Ces sortes de démonstrations politiques où il s’agit de montrer que le parti proposé est plus avantageux à l’État que le parti opposé dépendent uniquement du plus grand nombre d’avantages et d’avantages plus importants et du plus petit nombre d’inconvénients et moins grands qui se trouvent dans le parti le plus avantageux, c’est une espèce de balancement d’avantages contre avantages, d’inconvénients contre inconvénients, qui doit se réduire à une démonstration arithmétique.
PREMIER AVANTAGE
Plus de sûreté contre les guerres civiles
1° Dans le système présent de l’impolice européenne où l’on a à craindre les guerres civiles, plus la capitale sera grande et peuplée, plus il serait aisé de l’affamer si elle se révoltait, donc ou bien il n’y naîtra point de révoltes, ou bien elles seront calmées en peu de jours par l’environnement des troupes qui en fermeraient les avenues.
2° Plus la capitale sera grande, plus il sera difficile de l’envelopper d’ouvrages suffisants, de fortifications, et de remplir ses magasins ; on ne la regardera donc jamais dans l’État comme une place de guerre, mais comme une place ouverte de tous côtés, qui doit être soumise dans le moment aux troupes qui l’environnent.
3° Une ville, où il n’y a ni armes défensives ni armes offensives, ni magasins de vivres, ni munitions de guerre, ni garnison, ni officiers, ni habitants disciplinés, ni fortifications, ne saurait prendre le parti de se révolter, et de résister à de bonnes troupes, qui peuvent arriver de tous côtés pour l’envelopper.
4° Pour plus grande sûreté contre les révoltes, il serait facile au roi d’avoir aux différentes avenues deux lieues au-dessus et au-dessous de la rivière de la capitale et sur les grandes routes plusieurs petits camps fortifiés avec des casernes et du canon.
5° Si la plupart des magistrats, si le gros des bourgeois ont une grande partie de leur revenu sur le roi, si les principaux habitants ont des charges et des pensions qui dépendent de la Cour, ils auront tous des motifs puissants pour suivre l’esprit de soumission.

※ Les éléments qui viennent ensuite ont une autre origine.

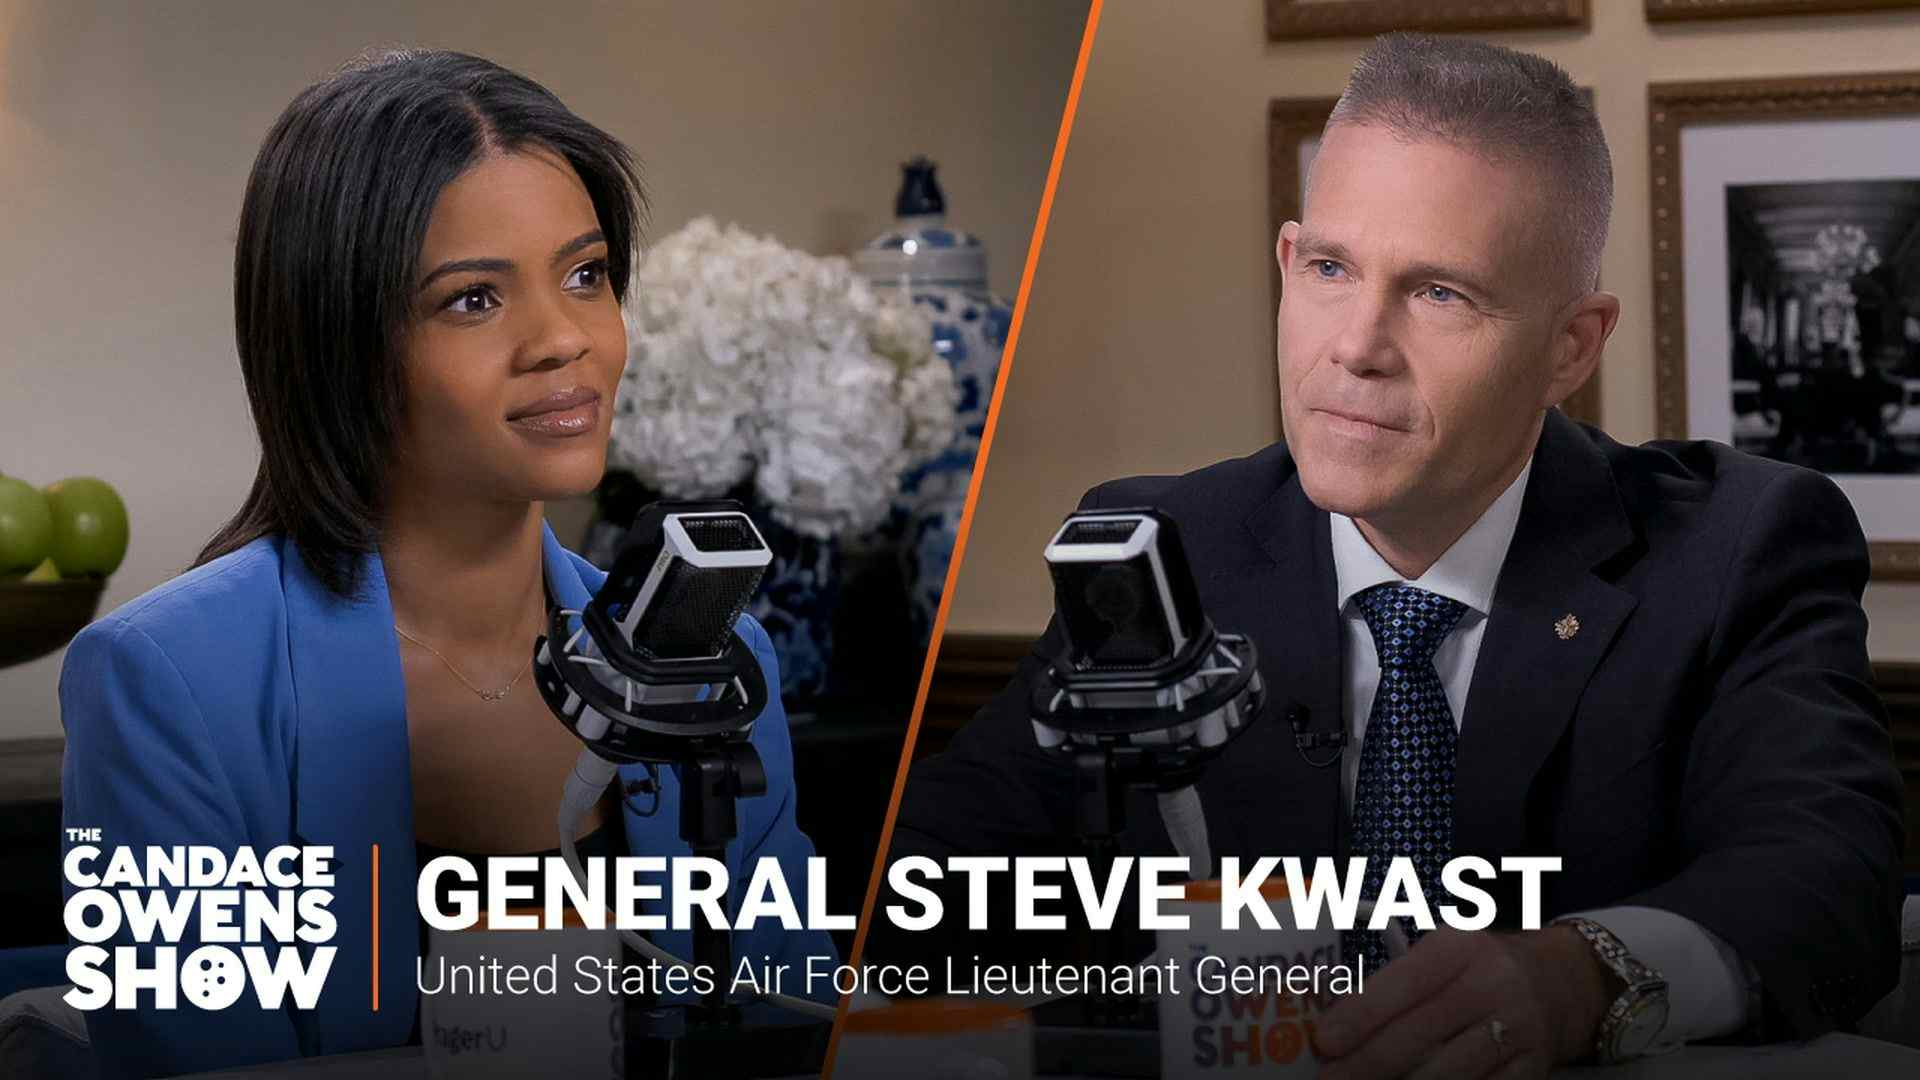 The Candace Owens Show: General Steve Kwast

Donc plus la capitale sera grande, peuplée, sans garnison, sans fortifications, sans munitions, sans armes, sans discipline militaire, sans officiers, plus il y aura de créanciers du roi, plus aussi elle sera soumise, et facile à soumettre à son prince ; or de la soumission dépend la tranquillité de l’État qui est la base du bonheur des sujets.
SECOND AVANTAGE
Plus la capitale sera soumise, plus les provinces seront soumises
Il est sûr que les villes des provinces se règlent presque toujours sur la conduite et sur l’exemple de la capitale, particulièrement lorsqu’elle sera très grande, très peuplée et très bien policée.

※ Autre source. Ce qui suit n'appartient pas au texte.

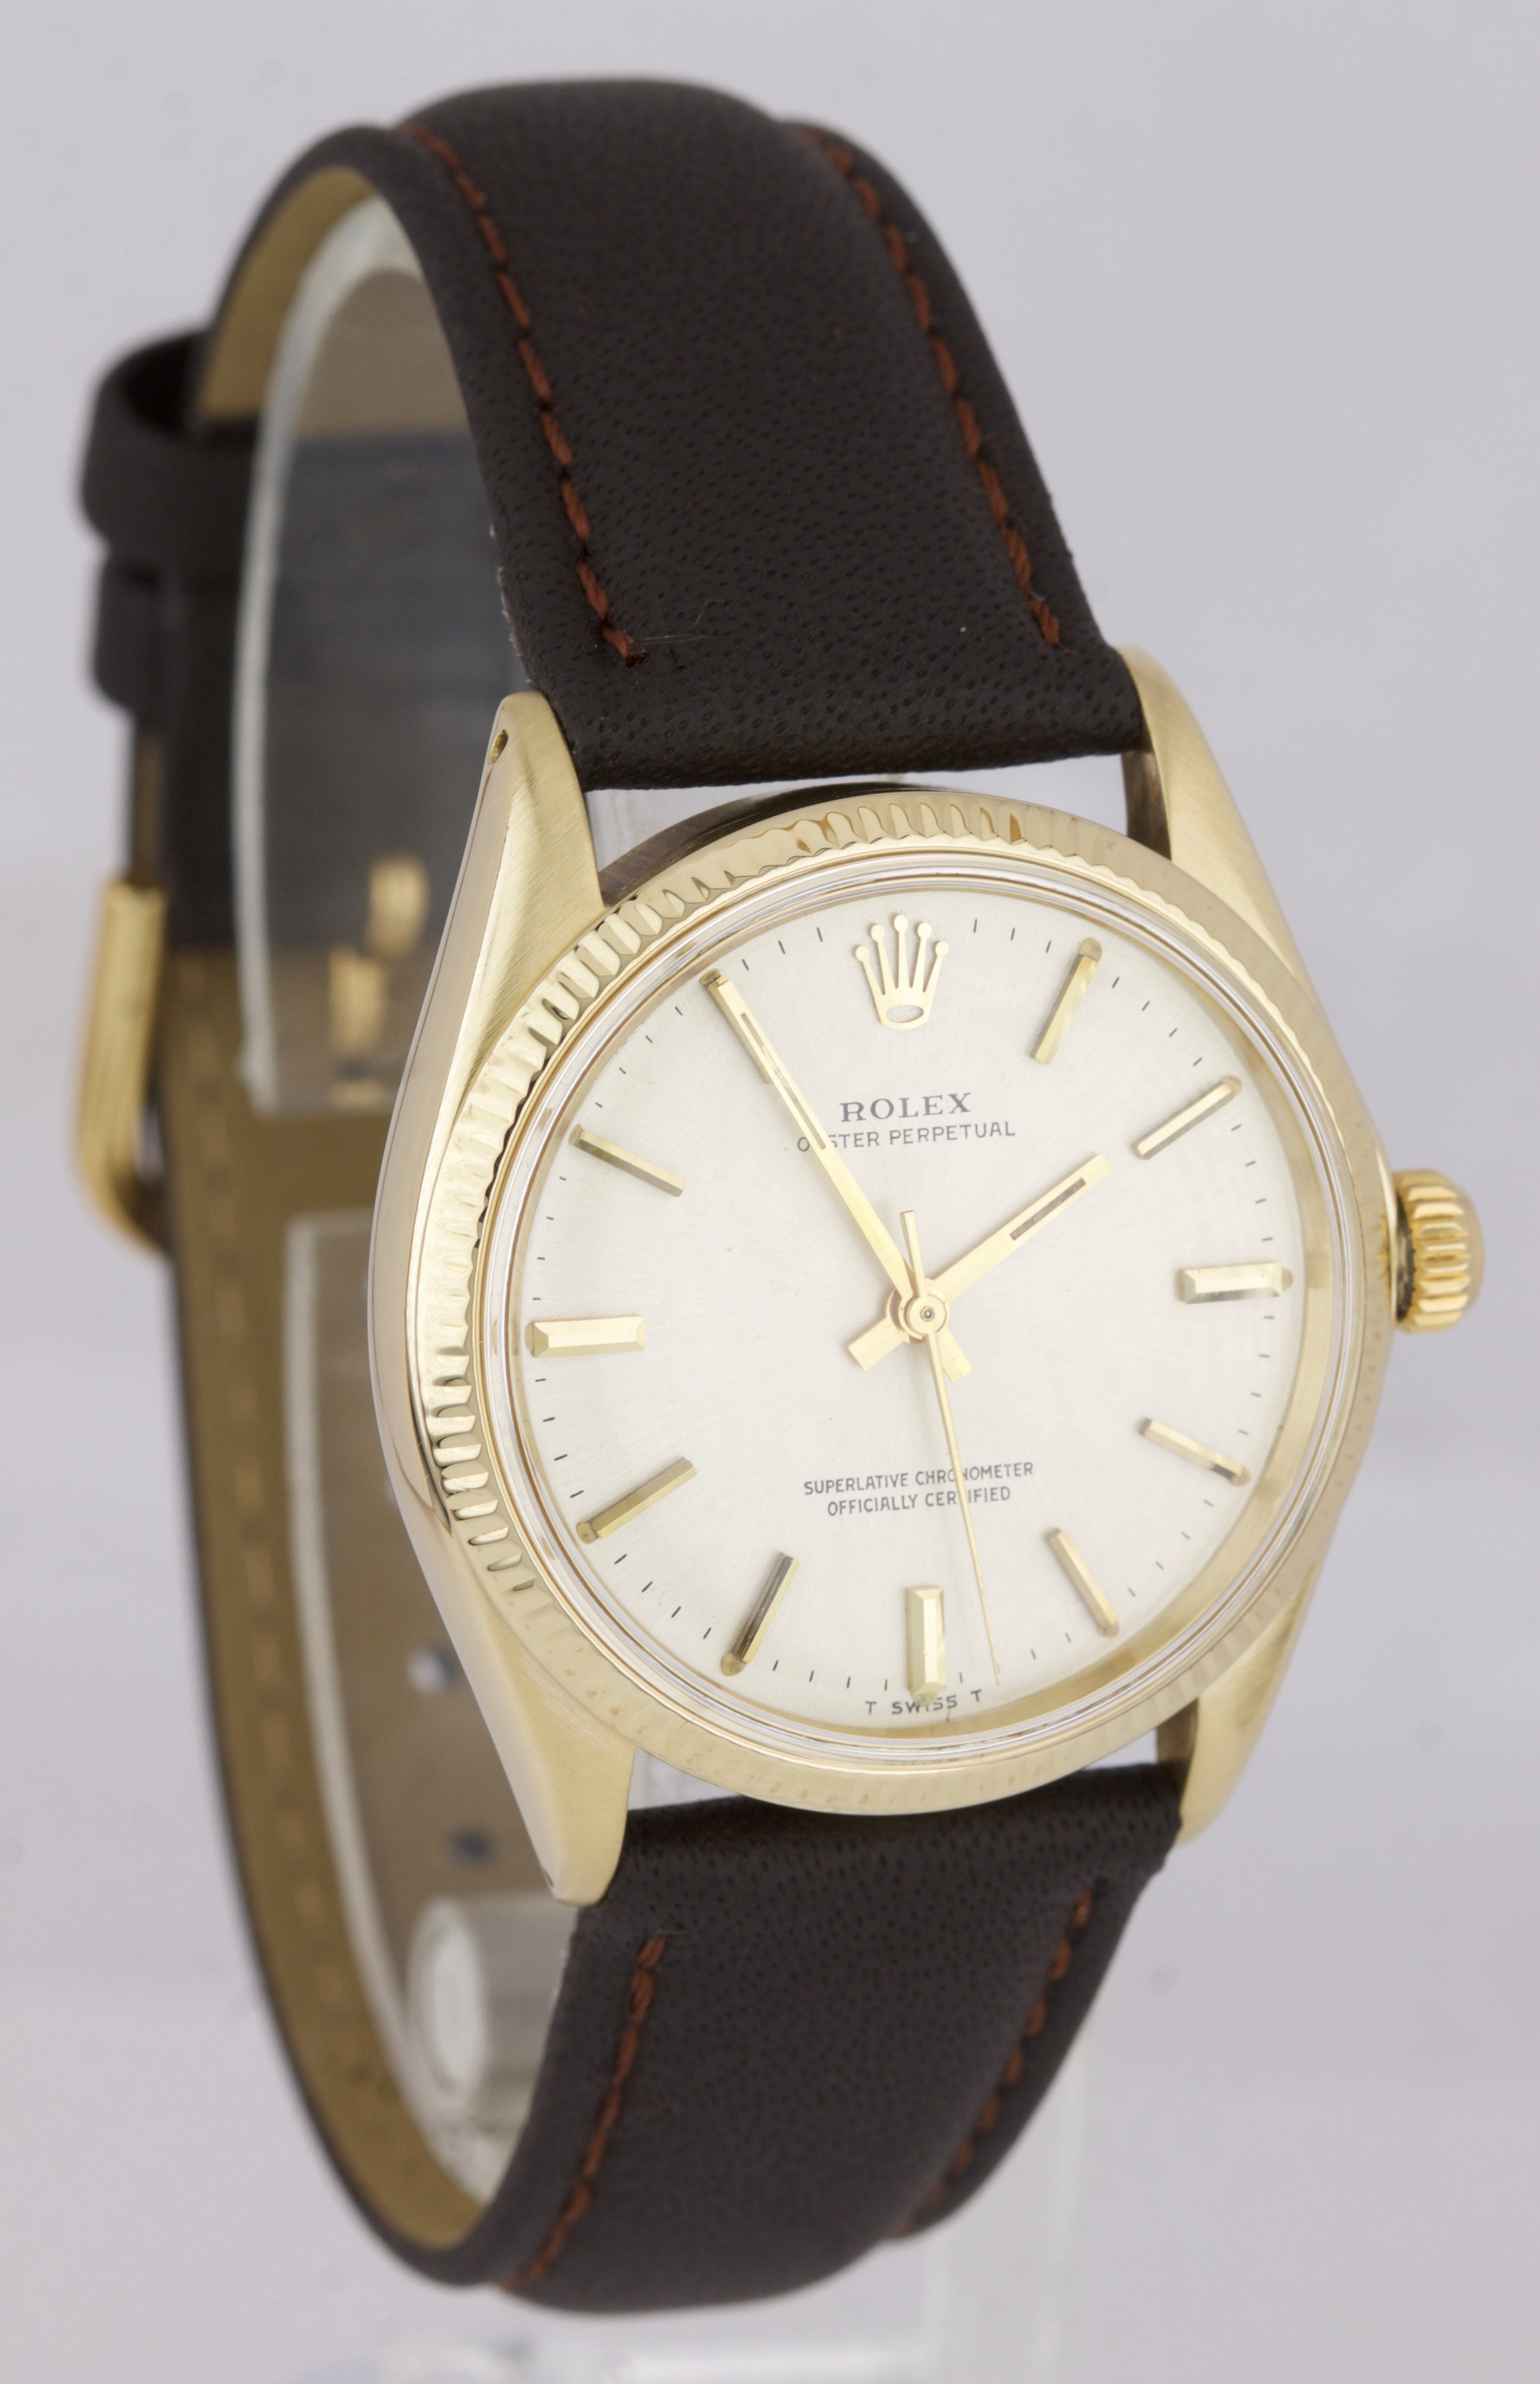 Vintage 1969 Rolex Oyster Perpetual Champagne 18K Yellow Gold Swiss Watch 1005

D’ailleurs les habitants de la capitale sont la plupart les seigneurs les plus riches des provinces mêmes ; or si elles étaient tentées de résister, les seigneurs serviraient à ramener plus facilement les révoltés à leur devoir : on peut donc soutenir que plus la capitale sera grande et peuplée de seigneurs, plus il sera facile au roi de contenir les provinces dans l’obéissance.
TROISIÈME AVANTAGE
Plus de sûreté contre les guerres étrangères
1° Dans une grande capitale comme Londres et comme Paris on y trouve la moitié de ce qu’il y a de plus riches habitants dans l’État, dans toutes les professions, et dans tous les ordres, ils ont et plus de la moitié des richesses en espèces et presque tout le crédit de l’État ; or il n’y a personne qui ne voie que c’est un très grand avantage que d’avoir pour la défense et pour la conservation de l’État la plus grande partie des moyens rassemblés en une seule ville pour lever plus promptement des troupes dans les provinces, et on sait qu’à la guerre, le reste étant égal, c’est presque toujours la célérité à attaquer qui décide de la supériorité ; celui qui attaque marche en ordre et avec confiance, surprend l’ennemi, l’intimide, le met facilement en désordre et le bat.

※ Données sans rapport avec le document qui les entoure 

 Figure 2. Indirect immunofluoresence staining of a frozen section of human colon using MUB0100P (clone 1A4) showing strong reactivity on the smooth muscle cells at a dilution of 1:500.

2° Les richesses mobiles étant tirées hors de la ville dans les temps de craintes et d’alarmes, il n’y restera presque rien à piller, et même le vainqueur n’a aucun intérêt ni de piller ni de brûler une capitale qui se soumet naturellement au plus fort comme un village sans défense ; il n’en est pas de même des capitales qui sont fortifiées et qui résistent longtemps aux victorieux, la plupart sont ou pillées ou brûlées ; ainsi sa faiblesse devient son salut et la cause de sa longue durée.
QUATRIÈME AVANTAGE
Le progrès de la raison et des connaissances utiles en sera beaucoup plus grand
En général le grand progrès de la raison et de ses dépendances est un grand avantage pour un peuple, nous l’avons prouvé dans les observations préliminaires, ainsi il est extrêmement de l’intérêt du roi de faire en sorte que son peuple devienne en moins de temps beaucoup moins ignorant ou beaucoup plus savant que les autres peuples, surtout du côté des matières les plus utiles à la société.
On ne peut donc pas douter que ce ne soit un grand avantage pour un peuple de posséder et les personnes les plus habiles dans les sciences les plus importantes, et d’en avoir en beaucoup plus grand nombre que les autres peuples de la terre. Et plus de moyens de répandre dans les provinces les connaissances les plus importantes au bonheur de la société.
Les hommes habiles sont comme des flambeaux qui portent la lumière parmi le peuple, ainsi plus il y a de ces flambeaux, et plus ils sont lumineux, plus aussi le peuple en est éclairé, il arrive même souvent que les sciences curieuses ne laissent pas d’ouvrir l’esprit sur les matières les plus importantes.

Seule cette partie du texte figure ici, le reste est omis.